### Provided data ###

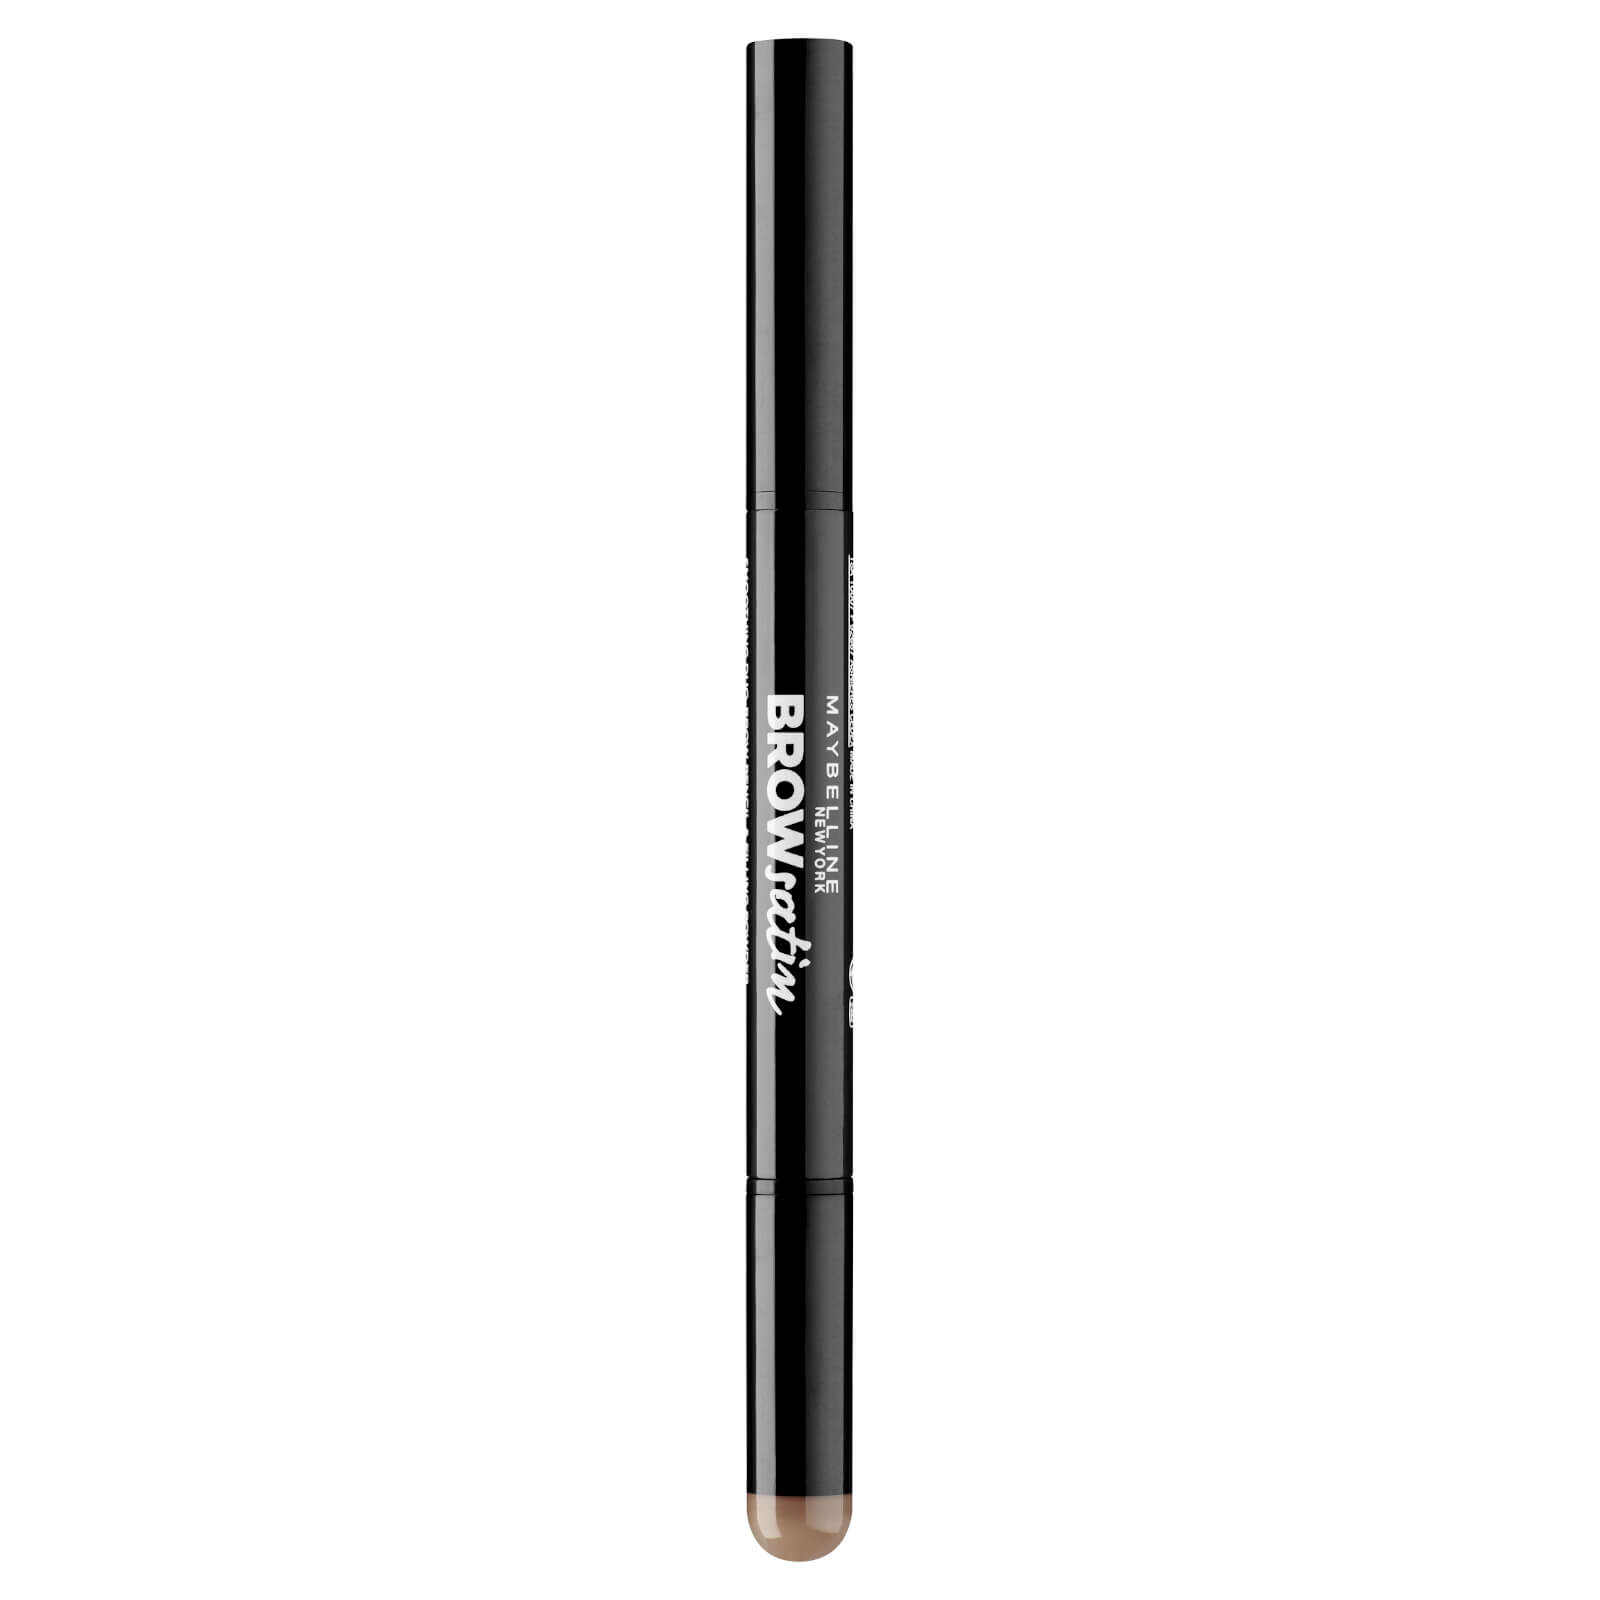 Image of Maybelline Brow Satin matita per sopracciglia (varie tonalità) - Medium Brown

###
### Provided data ###

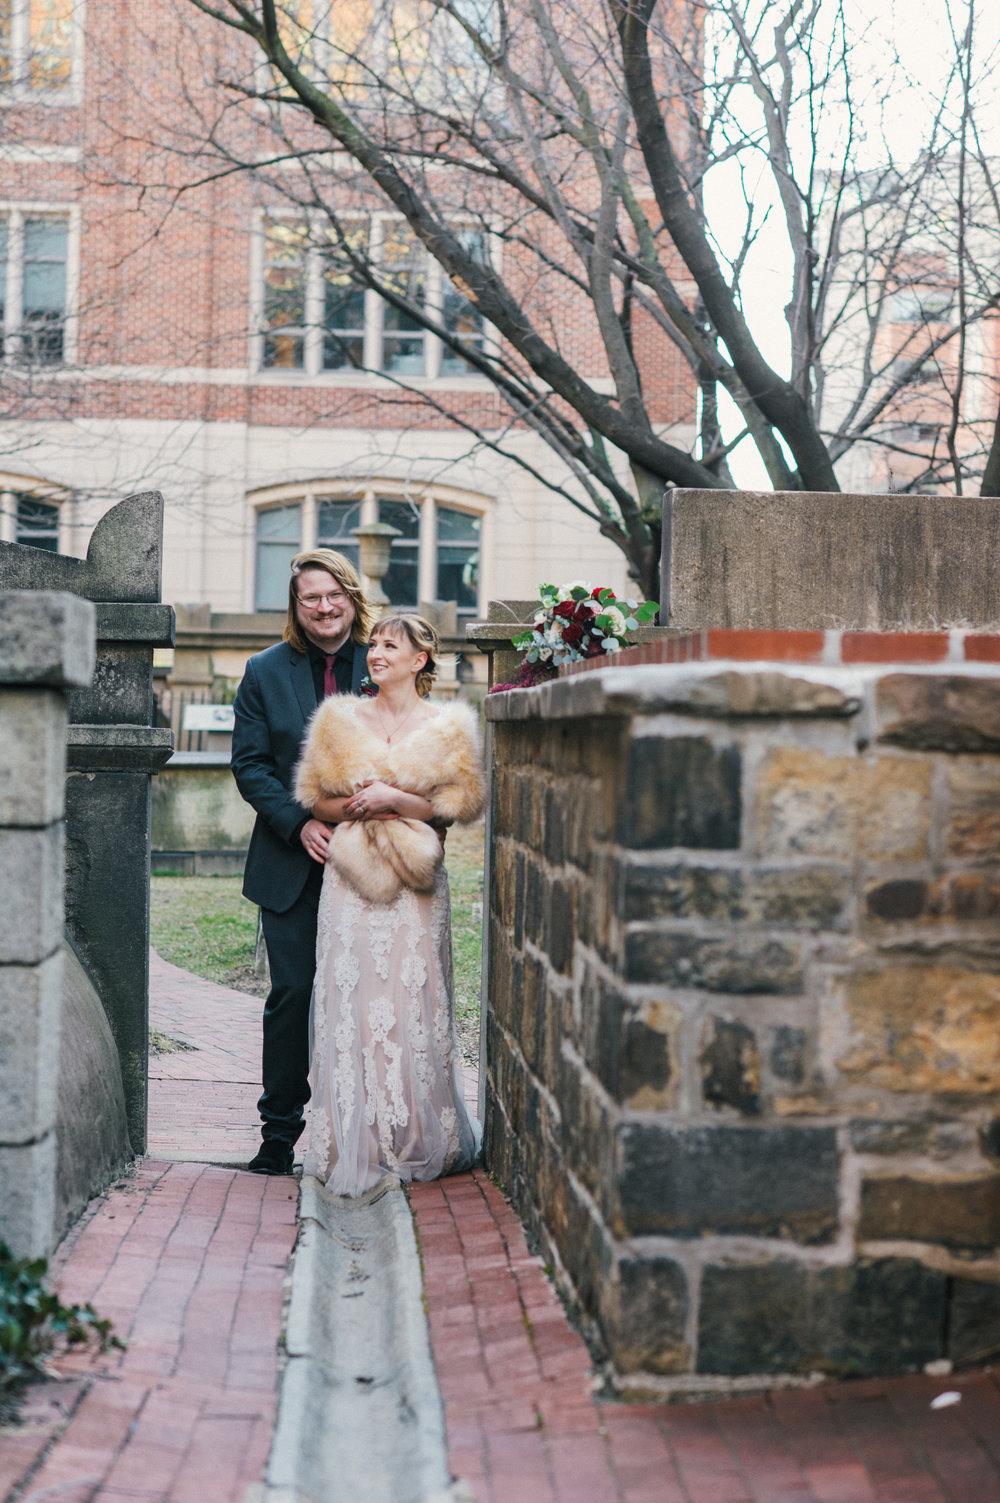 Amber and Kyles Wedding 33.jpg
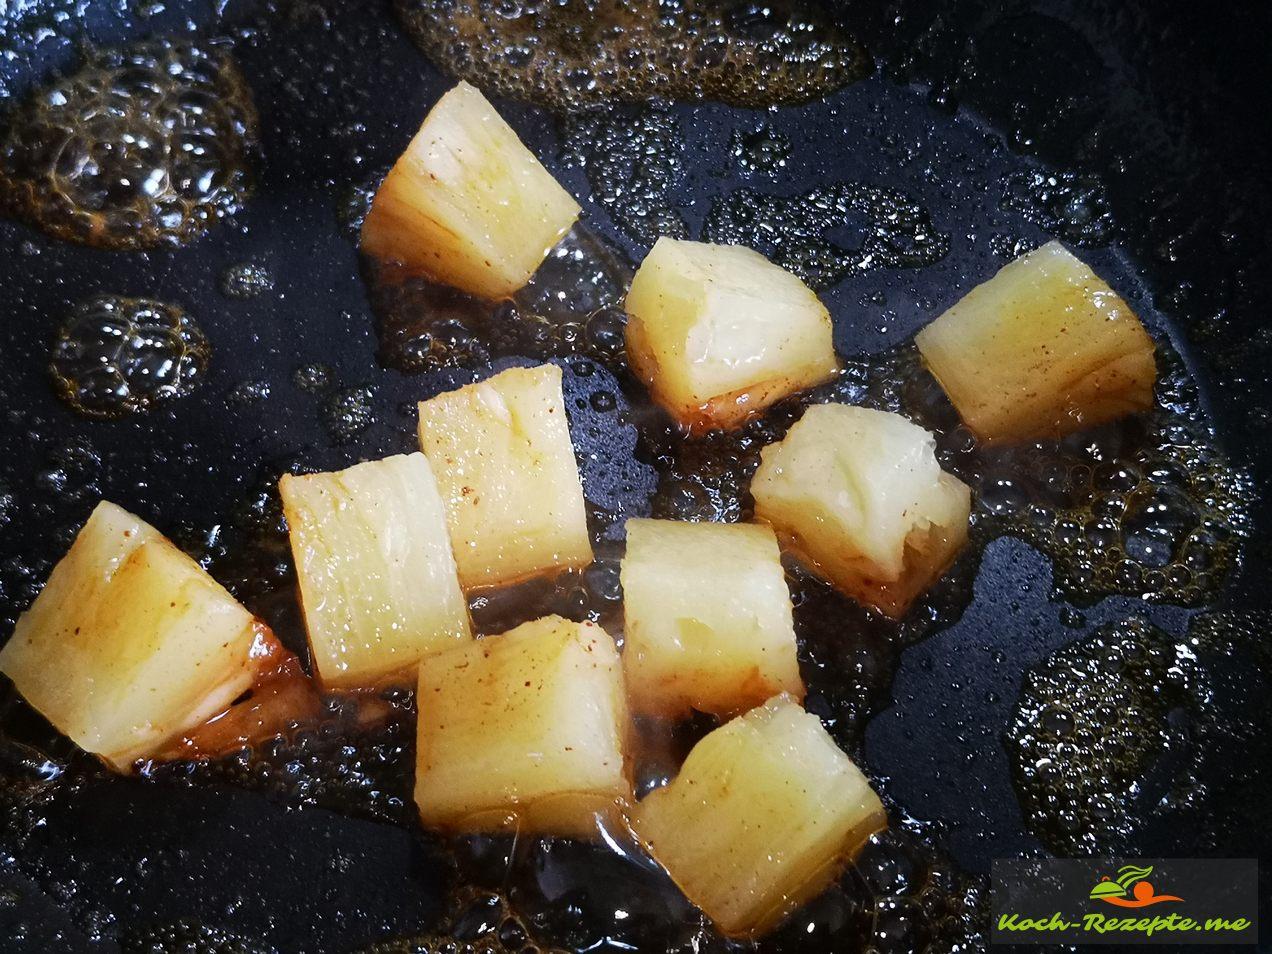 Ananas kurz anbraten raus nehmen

###
### Provided data ###

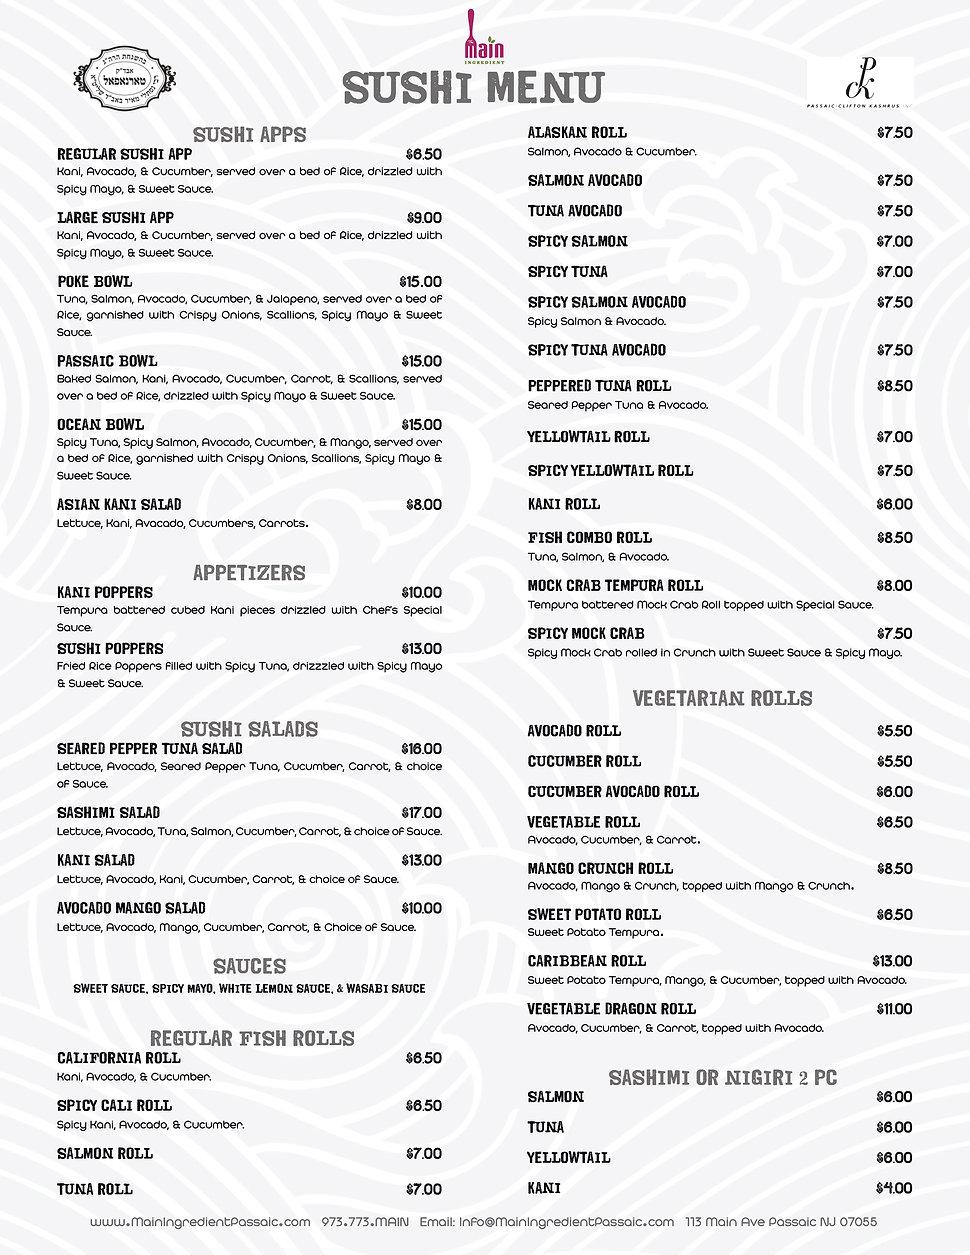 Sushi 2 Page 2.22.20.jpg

###

Taking the entries above, extract every line from the one bearing "Amber and Kyles Wedding 33.jpg" through the one bearing "Ananas kurz anbraten raus nehmen", exactly, with no pictures.

 Amber and Kyles Wedding 33.jpg
 Ananas kurz anbraten raus nehmen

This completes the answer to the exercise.